Sandia work at the heart of next generation nuclear reactor

January 16, 2023 9:33 am Published by

A team of Sandia National Laboratories researchers working on the reactor at the DIII-D National Fusion Facility is testing materials to make the next generation of fusion reactors, in the quest to develop more carbon-free energy sources.

These magnetic confinement fusion reactors, called tokamaks, use magnetic fields to shape plasma into a donut shape that generates power from nuclear fusion. DIII-D is the largest such facility currently operating in the Department of Energy complex. Tokamaks create high heat and particle fluxes that can cause significant erosion of the reactor wall materials. If these materials contaminate the core plasma, it could make it impossible to bring the reactor to a temperature high enough to start stable, safe fusion.

Jonathan Coburn is one such researcher, part of a team of Sandians that collaborates with DIII-D to test and develop much needed specialized fusion materials for the hot fusion plasma environment.
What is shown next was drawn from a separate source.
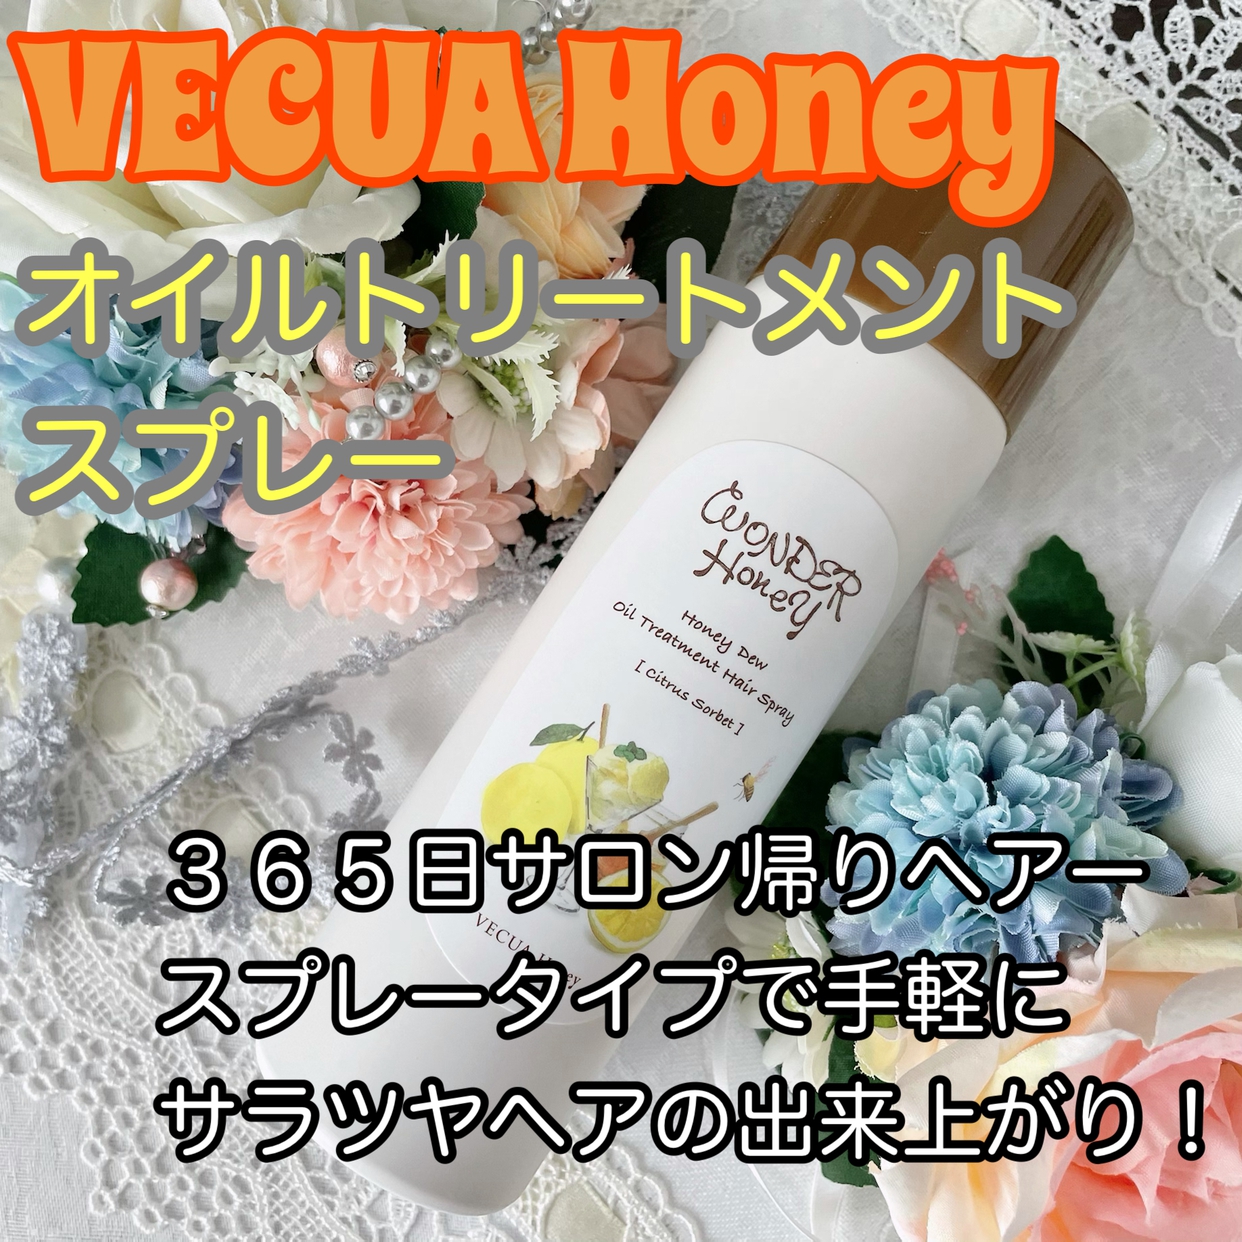 VECUA Honey(べキュア ハニー) ワンダーハニー 艶つや髪の香るオイルトリートメントの良い点・メリットに関するかおきちさんの口コミ画像1

“Plasma-material interactions deal with what effects the ions and electrons from the plasma have on a material and vice versa,” Coburn explained. “Magnetic confinement fusion devices use very strong magnetic fields to generate and then confine the plasma, and so all of these ions and electrons are interacting and producing fusion energy. Inevitably, you have exhaust from the plasma that ends up impacting the walls of your vessel.”

The different plasma-facing components of such a reactor are made of materials like tungsten, carbon and beryllium, which interact differently when irradiated by ions and electrons.